Through the metadata and content analyses of bibliographic records, we identified the current leading fields and research topics, the most prominent being radiology and medical imaging. Other biomedical fields that have led this domain included biomedical engineering, mathematical and computational biology, and biochemical research methods. As part of interdisciplinary research, computer science and electrical engineering were important fields as well. The major research topics that were studied included computer-assisted image interpretation and diagnosis (which involved localizing or segmenting certain areas for classifying or predicting diseases), image processing such as medical image reconstruction or registration, and sequence analysis of proteins or RNA to understand protein structure and discover or design drugs. These topics were particularly prevalent in their application to neoplasms.

Furthermore, although deep learning techniques that had been proposed for these themes were predominantly CNN based, different architectures are preferred for different research tasks. The findings showed that CNN-based models mostly focused on analyzing medical image data, with RNN architectures for sequential data analysis and AEs for unsupervised dimensionality reduction yet to be actively explored. Other deep learning methods, such as deep belief networks [ 137 , 138 ], deep Q network [ 139 ], and dictionary learning [ 140 ], have also been applied to biomedical research but were excluded from the content analysis because of low citation count. As deep learning is a rapidly evolving field, future biomedical researchers should pay attention to the emerging trends and keep aware of state-of-the-art models for enhanced performance, such as transformer-based models, including bidirectional encoder representations from transformers for NLP [ 141 ]; wav2vec for speech recognition [ 142 ]; and the Swin transformer for computer vision tasks of image classification, segmentation, and object detection [ 143 ].

The findings from the analysis of the cited references revealed patterns of knowledge diffusion. In the analysis, radiology and medical imaging appeared to be the most significant knowledge source and an important field in the knowledge diffusion network. Relatedly, we identified knowledge exporters to this field, including biomedical engineering, electrical engineering, and computer science, as important, despite their relatively low citation counts. Furthermore, citation patterns revealed clique-like relationships among the four fields—biochemical research methods, biochemistry and molecular biology, biotechnology and applied microbiology, and mathematical and computational biology—with each being a source of knowledge and diffusion for the others.

Beyond knowledge diffusion, knowledge integration was also encouraged through collaboration among authors from different organizations and academic disciplines. Coauthorship analysis revealed active research collaboration between universities and hospitals and between hospitals and companies. Separately, we identified an engineering-oriented cluster and biomedicine-oriented clusters of disciplines, among which we observed a range of disciplinary collaborations, with the most prominent 2 between radiology and medical imaging and computer science and electrical engineering, which were the 3 disciplines that were most involved in publishing and collaboration. Meanwhile, pathology and public health showed a high collaborative research to publications ratio, whereas computational biology showed a low collaborative ratio.

Limitations

This study has the following limitations that may have affected data analysis and interpretation. First, focusing only on published studies may have underrepresented the field. Second, publication data were only retrieved from PubMed; although PubMed is one of the largest databases for biomedical literature, other databases such as DataBase systems and Logic Programming may also include relevant studies. Third, the use of PubMed limited our data to biomedical journals and proceedings. Given that deep learning is an active research area in computer science, computer science conference articles are valuable sources of data that were not considered in this study. Finally, our current data retrieval strategy involved searching deep learning as the major MeSH term, which increased precision but may have omitted relevant studies that were not explicitly tagged as deep learning . We plan to expand our scope in future work to consider other bibliographic databases and search terms as well.
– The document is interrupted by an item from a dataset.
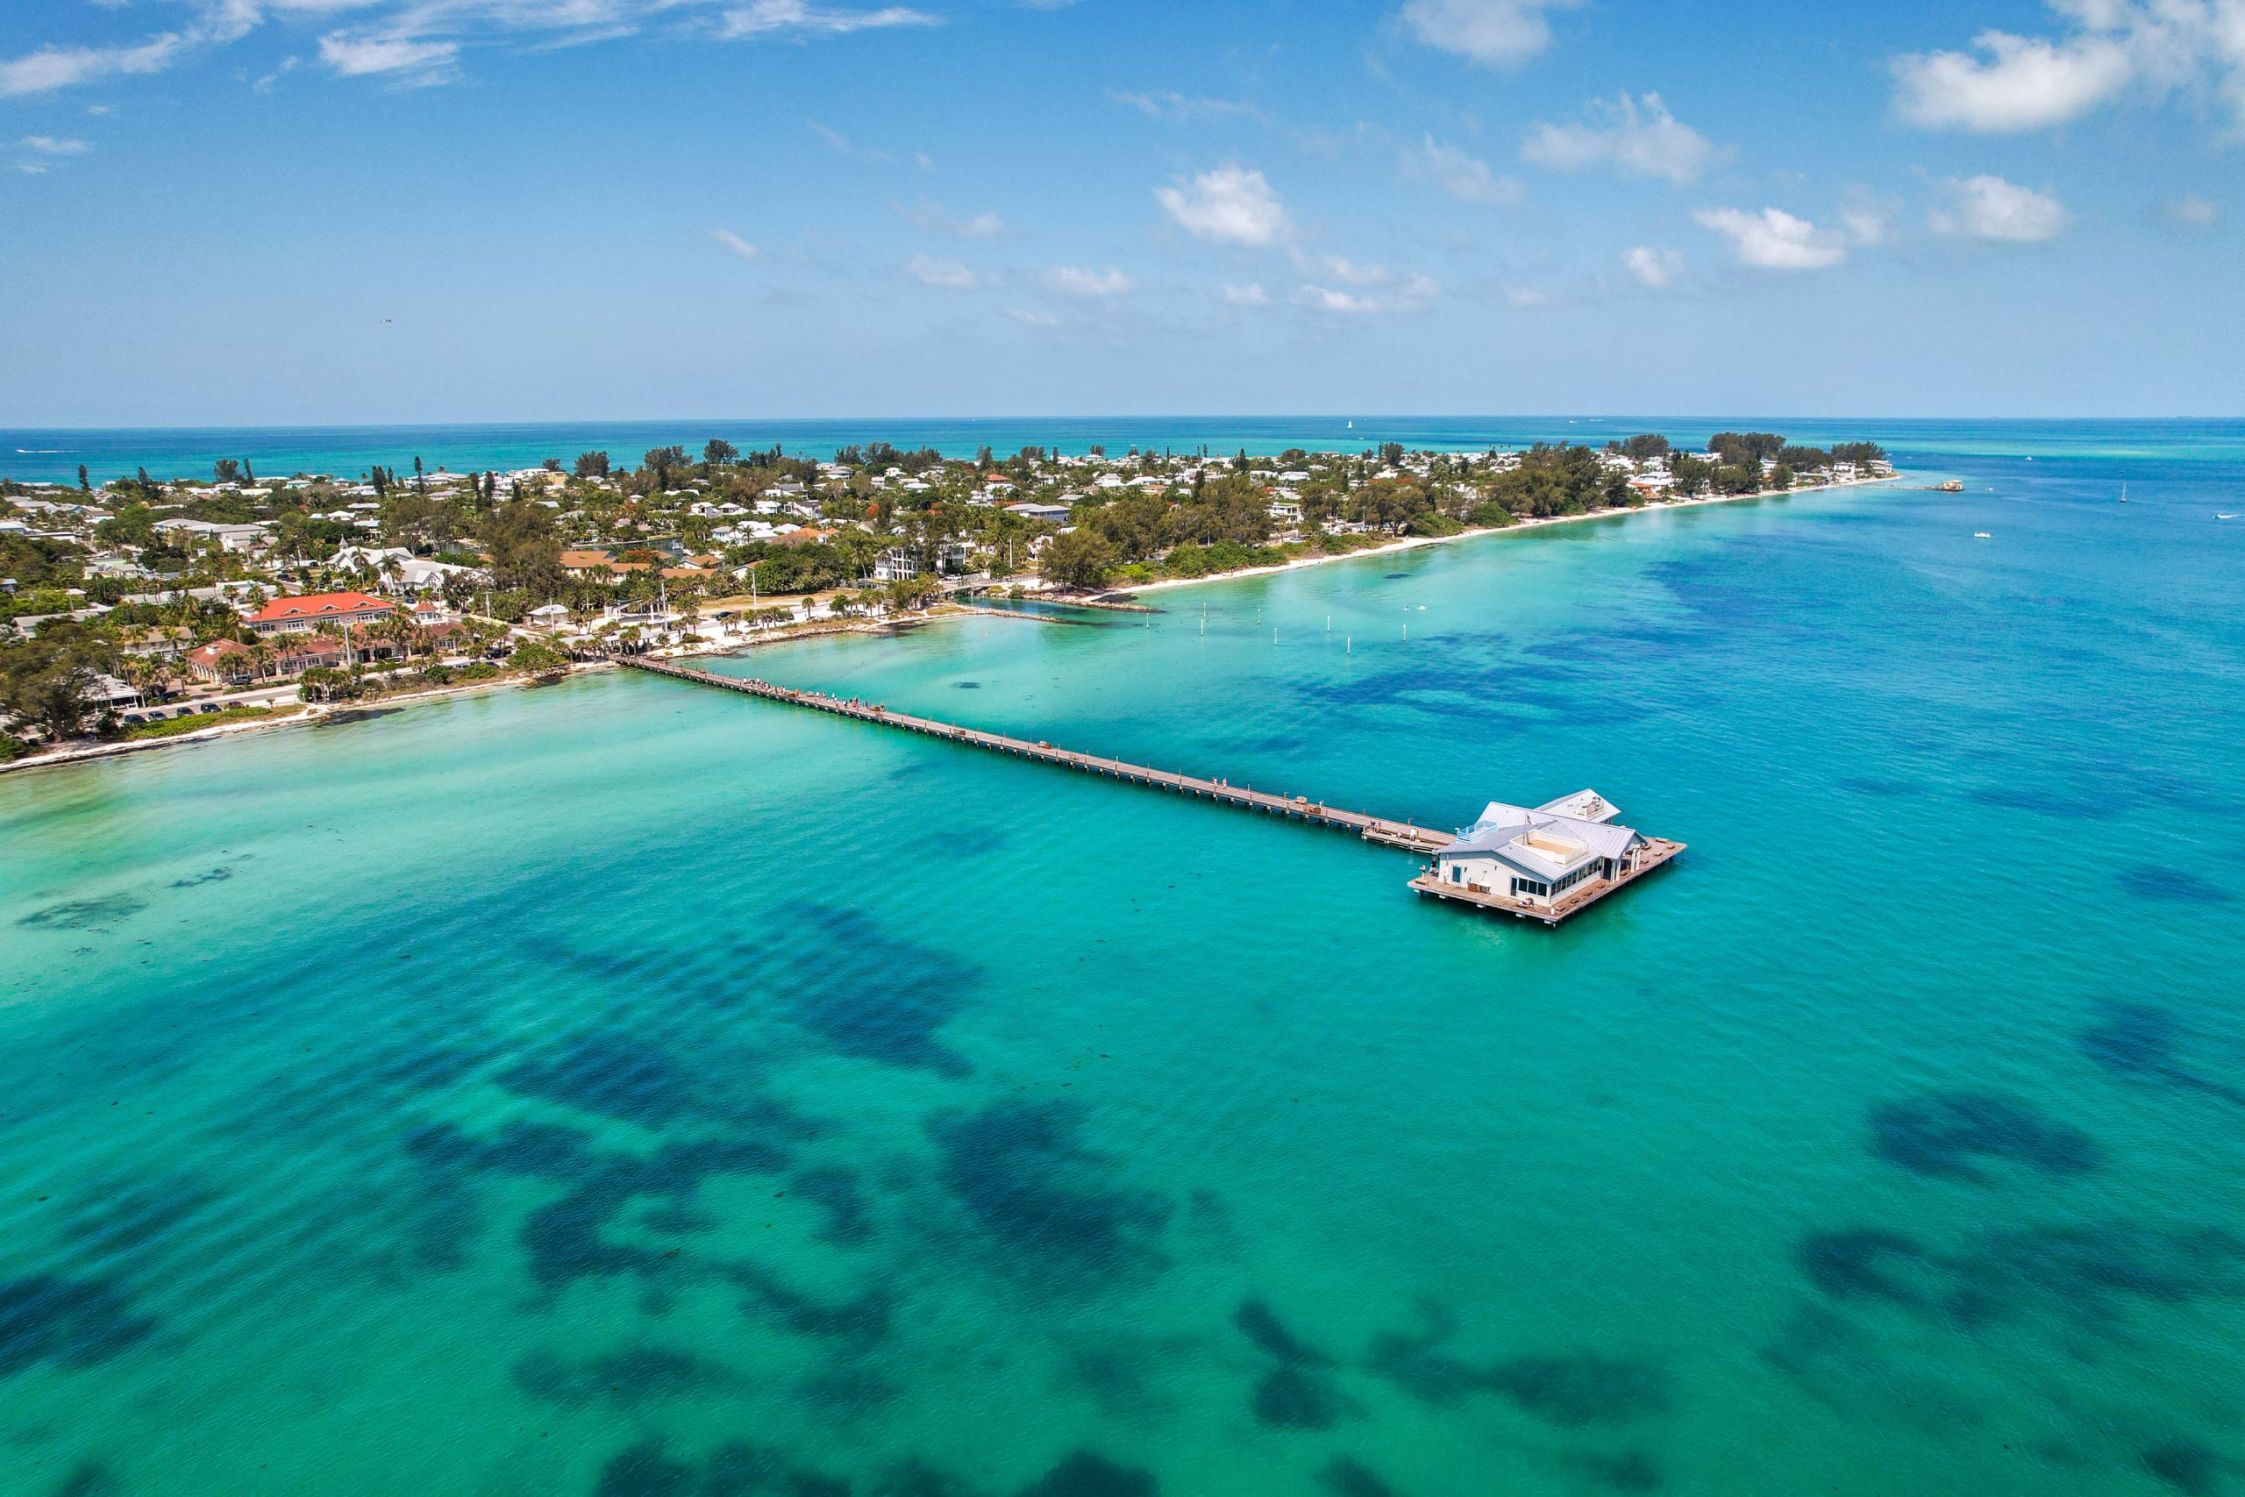 Aqua Lodge Rentals at Coconut Cay: Your Tropical Paradise Awaits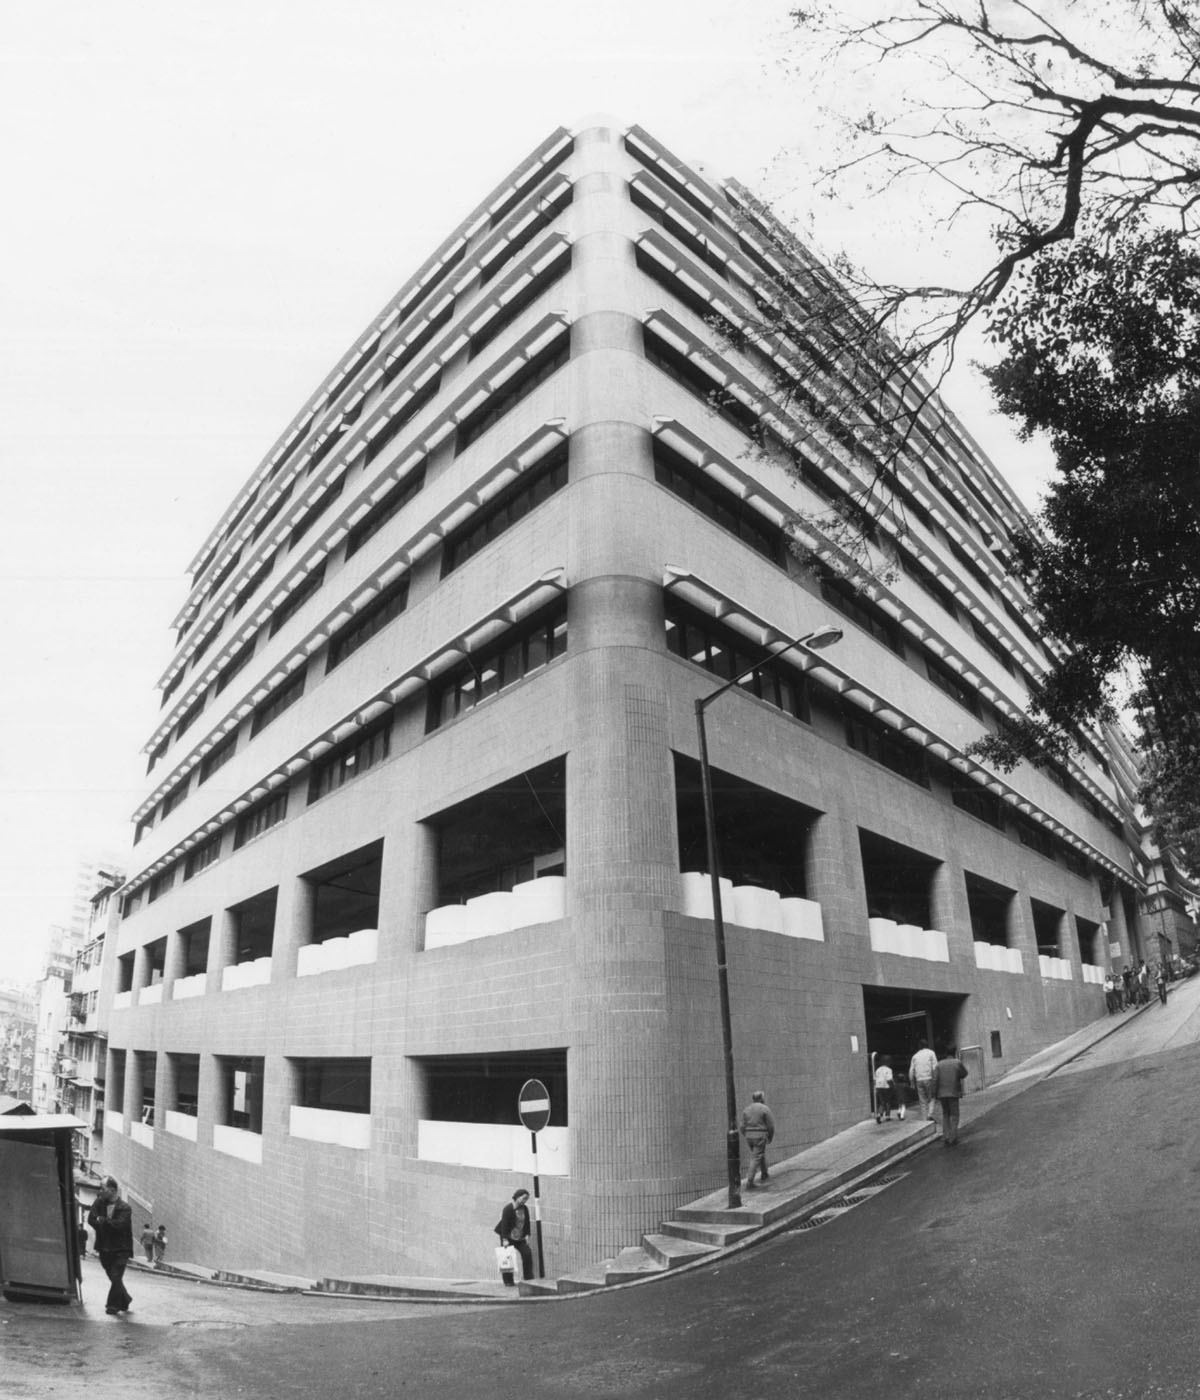 Prince Philip Dental Hospital in 1981

In this study, we investigated the landscape of deep learning research in biomedicine and identified major research topics, influential works, knowledge diffusion, and research collaboration through scientometric analyses. The results showed a predominant focus on research applying deep learning techniques, especially CNNs, to radiology and medical imaging and confirmed the interdisciplinary nature of this domain, especially between engineering and biomedical fields. However, diverse biomedical applications of deep learning in the fields of genetics and genomics, medical informatics focusing on text or speech data, and signal processing of various activities (eg, brain, heart, and human) will further boost the contribution of deep learning in addressing biomedical research problems. As such, although deep learning research in biomedicine has been successful, we believe that there is a need for further exploration, and we expect the results of this study to help researchers and communities better align their present and future work.

Abbreviations

AE	autoencoder
CNN	convolutional neural network
FCNN	fully convolutional neural network
MeSH	Medical Subject Heading
NLP	natural language processing
ResNet	residual neural network
RNN	recurrent neural network
WoS	Web of Science

Authors' Contributions: SN and YZ designed the study. SN, DK, and WJ analyzed the data. SN took the lead in the writing of the manuscript. YZ supervised and implemented the study. All authors contributed to critical edits and approved the final manuscript.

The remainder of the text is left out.